Category: MCP Tool Poisoning
Confidence: 98% confidence
Finding: The skill is presented as a dataset browsing/loading tool, but the documented behavior is primarily a local logging and history system that stores arbitrary user-provided inputs and exposes them via search, recent, status, and export commands. This mismatch is dangerous because users may provide sensitive dataset names, queries, paths, or processing details expecting data operations, while the skill instead persists and re-exposes that information without clear consent or minimization.

Description-Behavior Mismatch

Medium

Confidence: 94% confidence
Finding: The manifest and description claim dataset browsing/loading/manipulation, but the documentation defines a local activity tracker instead. This is a security-relevant integrity issue because operators may authorize or supply sensitive data under false assumptions about functionality, increasing the likelihood of inadvertent data retention and exposure.

Intent-Code Divergence

Medium

Confidence: 95% confidence
Finding: The command names imply real data-processing actions such as ingest, transform, query, and validate, but the descriptions say they only record entries or show prior ones. In this context, that misleading interface can cause users to paste real queries, file paths, schema details, or other sensitive operational data that gets logged instead of processed, creating avoidable confidentiality risk.

Description-Behavior Mismatch

High

Confidence: 96% confidence
Finding: The skill advertises dataset browsing/loading capabilities, but the implementation only provides local bookkeeping and export/search over log files. This is dangerous because users may supply dataset identifiers, prompts, paths, tokens, or other sensitive inputs believing they are interacting with a real data tool, while the script silently stores those values on disk instead of performing the promised function.

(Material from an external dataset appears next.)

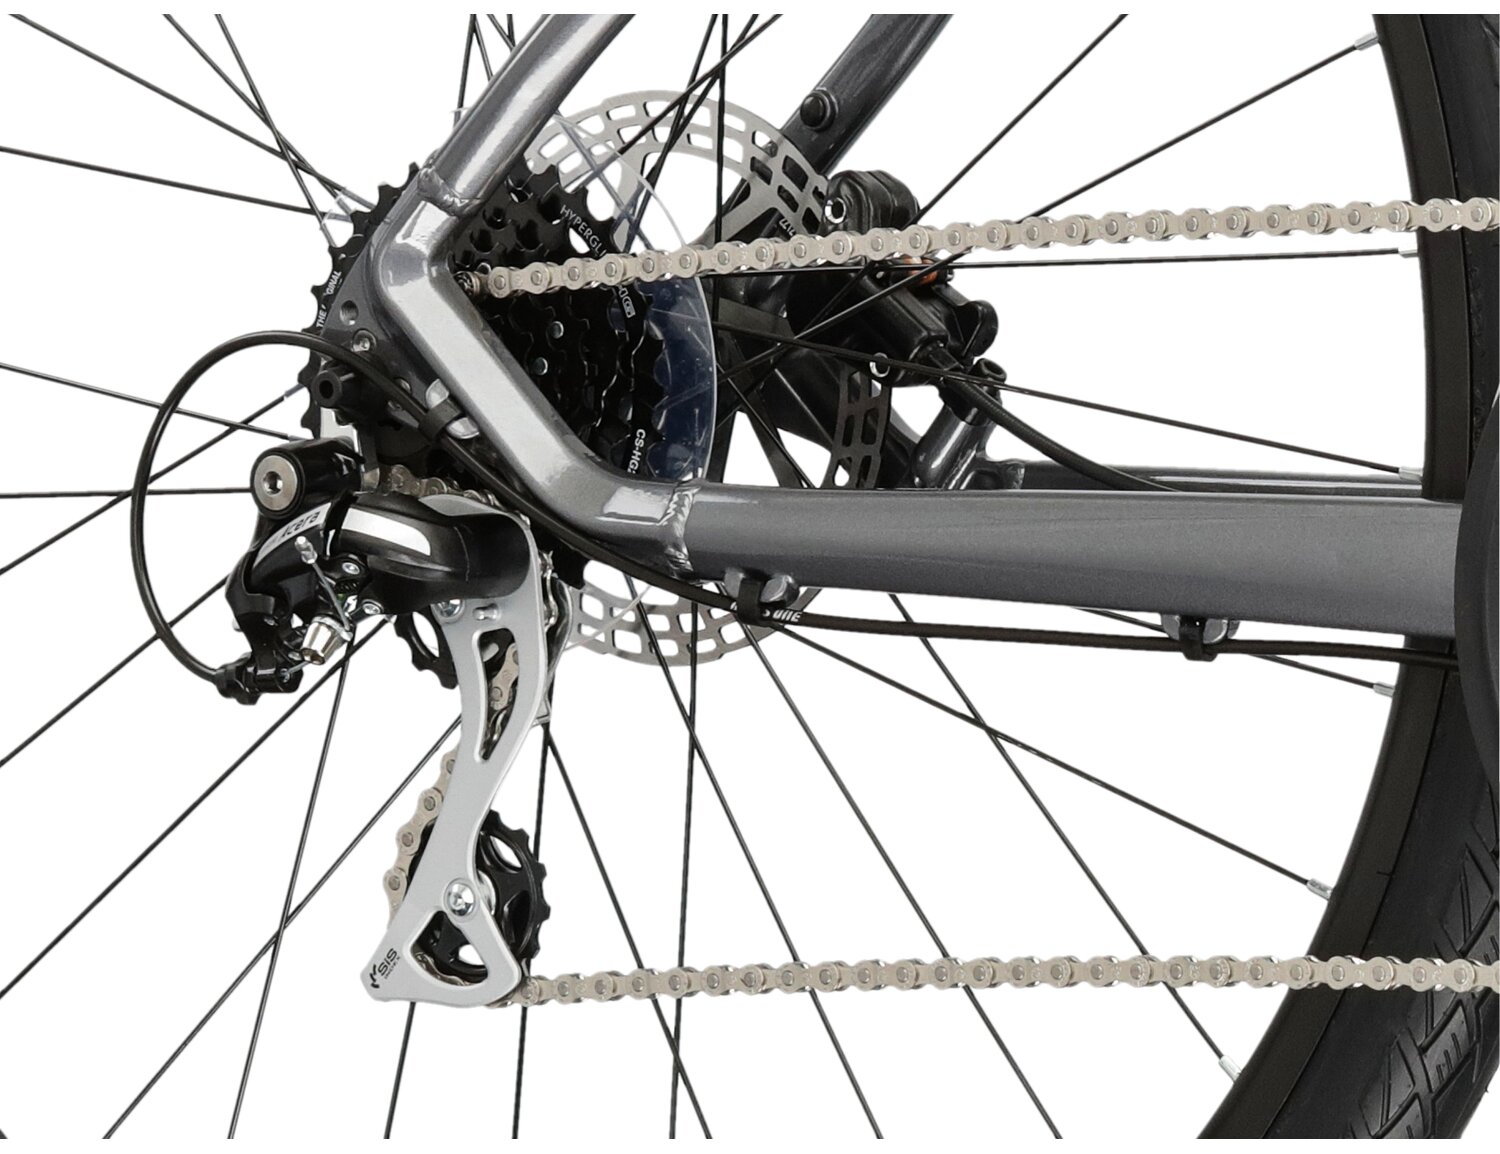  Tylna ośmiobiegowa przerzutka Shimano Acera M3020 oraz hydrauliczne hamulce tarczowe Radius w rowerze crossowym KROSS Evado 4.0

Description-Behavior Mismatch

High

Confidence: 98% confidence
Finding: The named operations such as ingest, query, filter, aggregate, visualize, schema, validate, pipeline, and profile imply meaningful dataset processing, but each branch just appends the raw user input to a file and echoes it back. In an agent-skill context, this mismatch can cause accidental disclosure of sensitive data entered for processing and can mislead downstream automation into thinking real transformations occurred.

Intent-Code Divergence

Medium

Confidence: 90% confidence
Finding: The branding and documentation present the script as a data toolkit, but the actual behavior is only local command logging. Deceptive or materially inaccurate documentation is a security concern here because it increases the likelihood that users will trust the tool with sensitive dataset-related input under false assumptions.

Missing User Warnings

Medium

Confidence: 97% confidence
Finding: The documentation mentions local logging but does not clearly warn that command inputs themselves may be persisted verbatim and included in exports. Because the skill context involves dataset operations, users are especially likely to enter sensitive filenames, queries, identifiers, or pipeline details, which can then be exposed through local files and export features.

Missing User Warnings

Medium

Confidence: 97% confidence
Finding: The script persistently writes raw user-provided input into log files under the user's home directory without consent, warning, redaction, or retention controls. In this skill's context, inputs may include dataset paths, access tokens, proprietary queries, schema details, or snippets of sensitive training data, making silent persistence a meaningful confidentiality risk.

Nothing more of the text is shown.